Created with the AI-generated video prompt, “The animated scene shows a close-up of a small fluffy monster kneeling near a melting red candle. The art style is 3D and realistic, with a focus on lighting and textures. The mood of the painting is one of wonder and curiosity, as the monster gazes at the flame with wide eyes and an open mouth. Its posture and expression convey a sense of innocence and playfulness, as if it is exploring the world around it for the first time. The use of warm colors and dramatic lighting further enhances the relaxing atmosphere of the image.

Courtesy of OpenAI

While the visuals are certainly impressive, Sora's most surprising abilities are the ones he hasn't been trained for. Powered by a version of the diffusion model used by OpenAI's Dell-3 image generator as well as GPT-4's Transformer-based engine, Sora not only produces videos that meet the demands of the signal, but In a way let's do this. This reflects an emerging understanding of cinematic grammar.

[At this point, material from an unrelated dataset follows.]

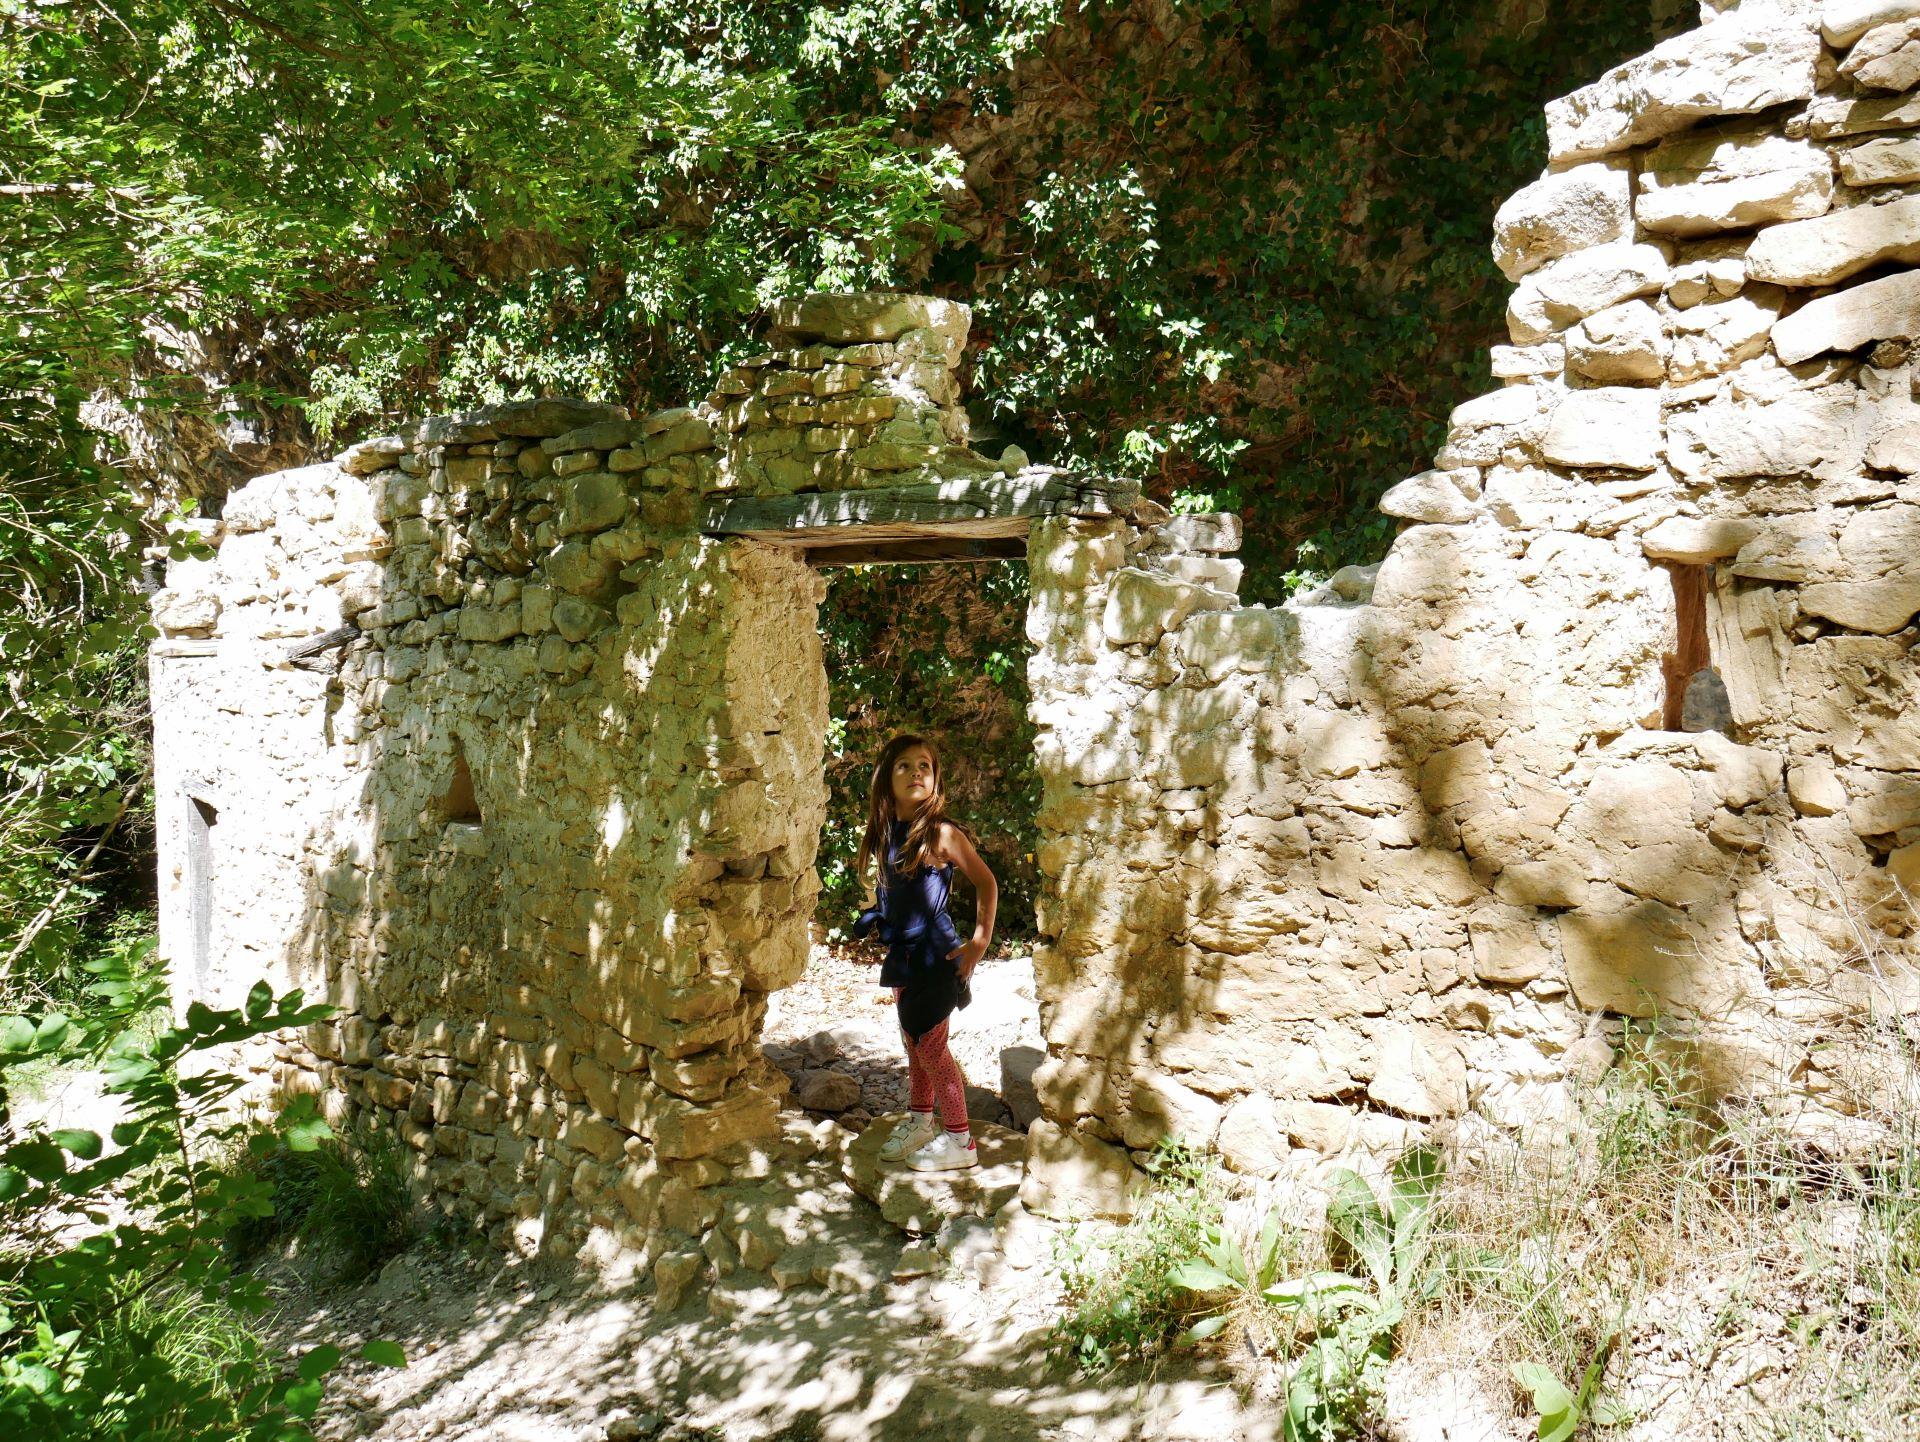 Balade drome : ruines sur le sentier d'accès à la chute de la Druise

This translates into storytelling. In another video that was created with the prompt “a gorgeously rendered paper world of a coral reef filled with colorful fish and sea creatures.” Bill Peebles, another researcher on the project, says that Sora creates a narrative thrust with its camera angles and timing. “There are actually multiple shot changes – these are not stitched together, but created all at once by the model,” he says. “We didn't tell it to do that, it did it automatically.”

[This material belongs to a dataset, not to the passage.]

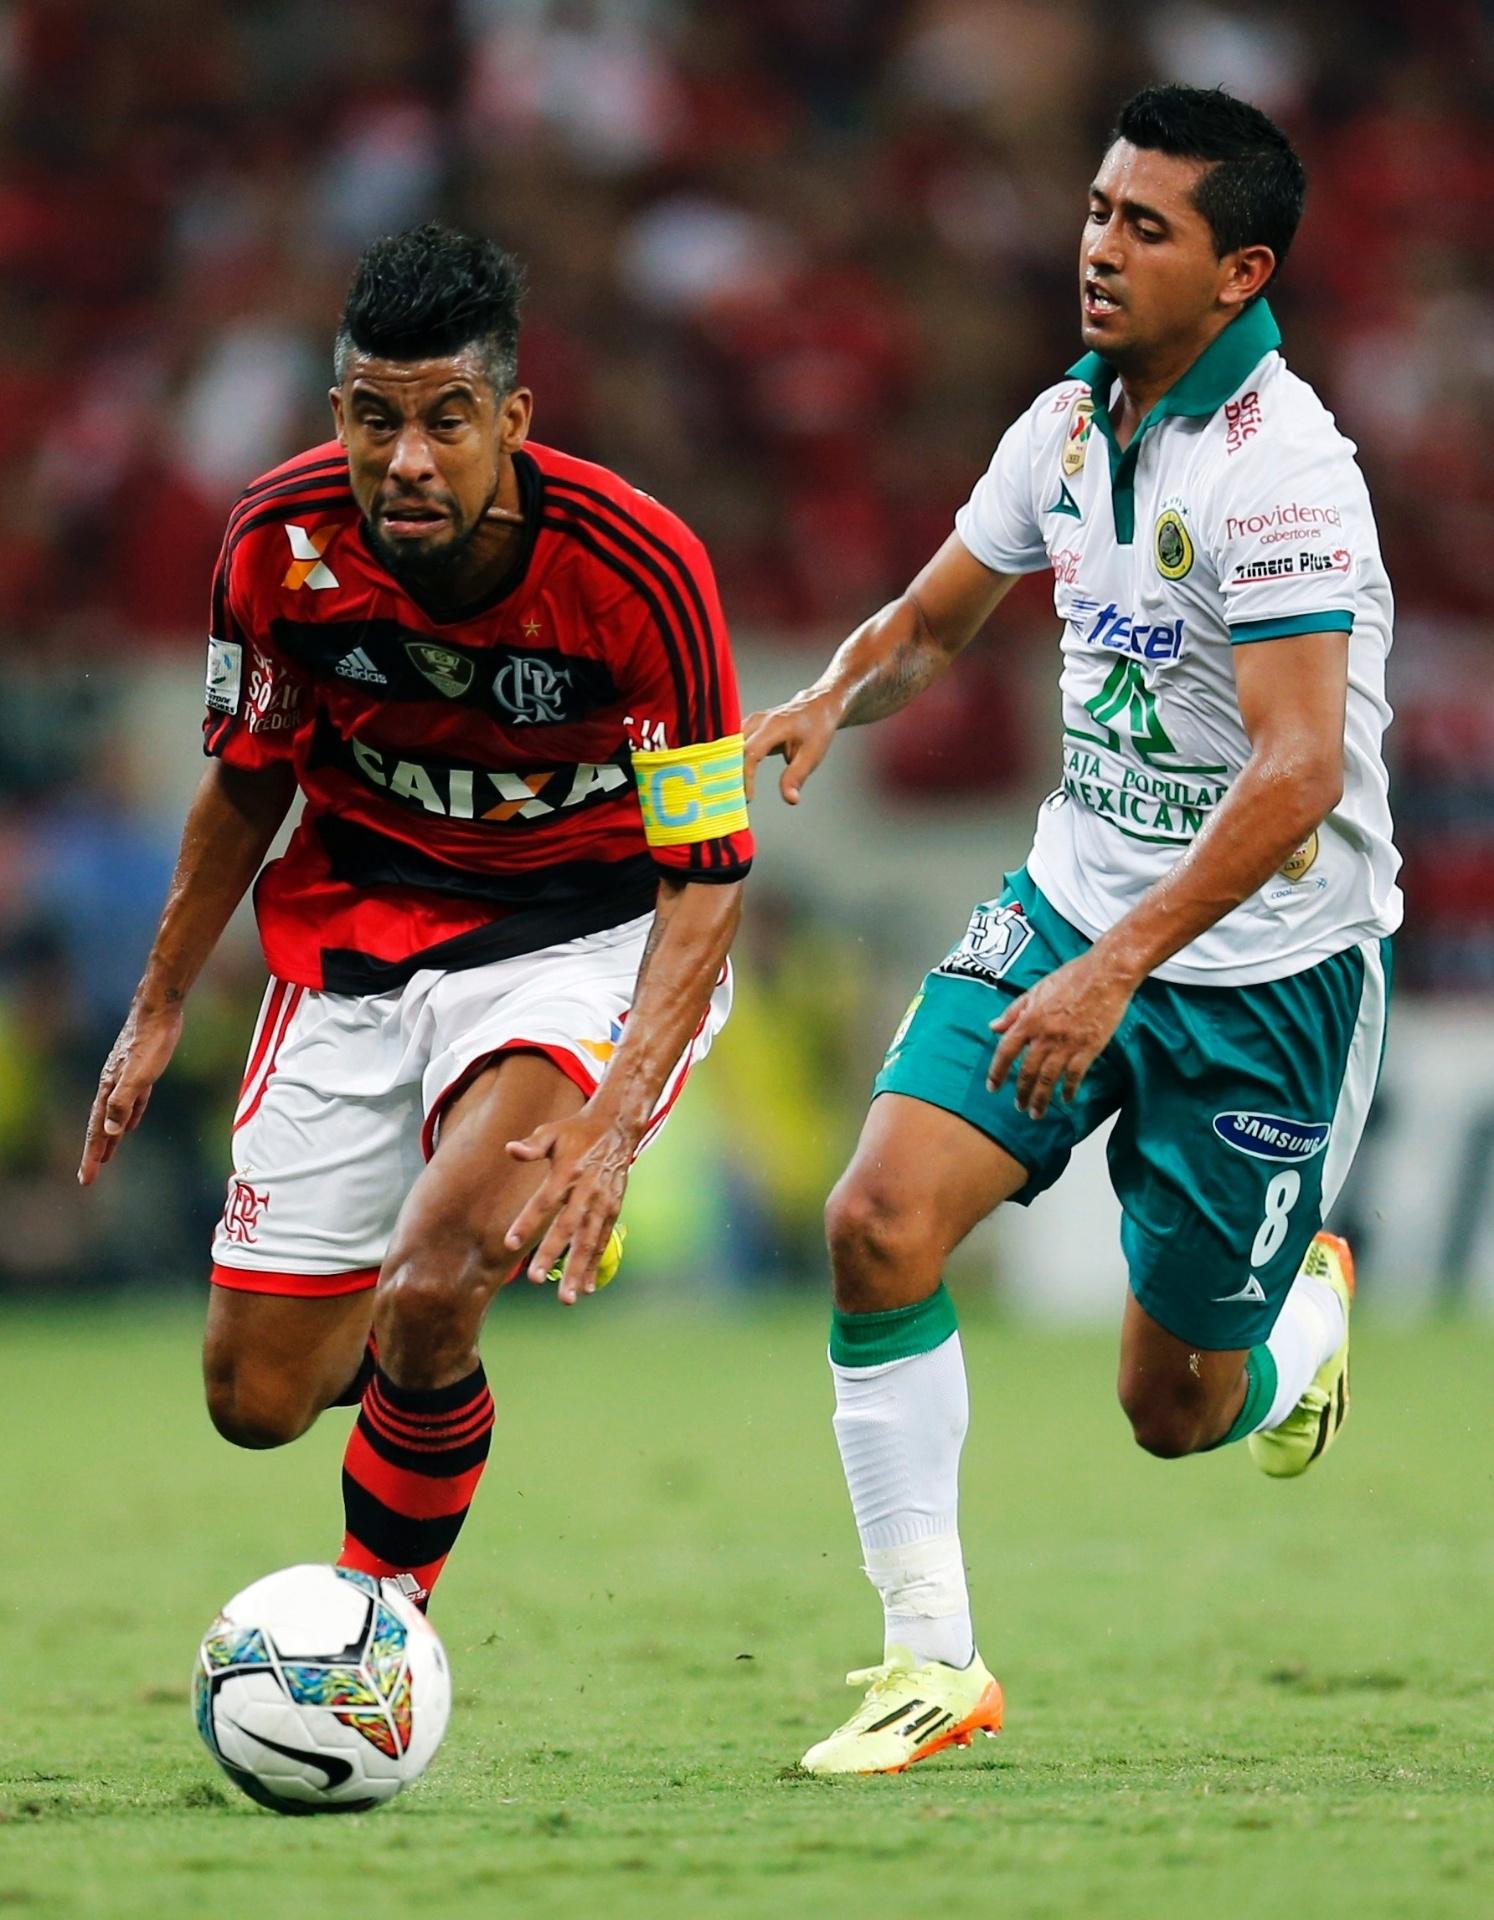 09.04.2014 - Capitão do Flamengo, Léo Moura tenta a progressão para o ataque

The AI-generated video was created with the caption “A gorgeously rendered paper world of a coral reef teeming with colorful fish and sea creatures.”Courtesy of OpenAI

In another example that I didn't see, Sora was inspired to visit a zoo. “It started with the zoo's name on a big sign, gradually scaled it down, and then did several shot transitions to show the different animals that live at the zoo,” says Peebles. It was not clearly instructed to do so in a cinematic manner.

One feature in Sora that the OpenAI team did not show, and may not release for quite some time, is the ability to generate video from a single image or sequence of frames. “This is going to be another really great way to improve your storytelling abilities,” says Brooks. “You can draw exactly what you have in your mind and then bring it to life.” OpenAI is aware that this feature also has the potential to generate deepfakes and misinformation. “We would be very careful about all the security implications of this,” says Peebles.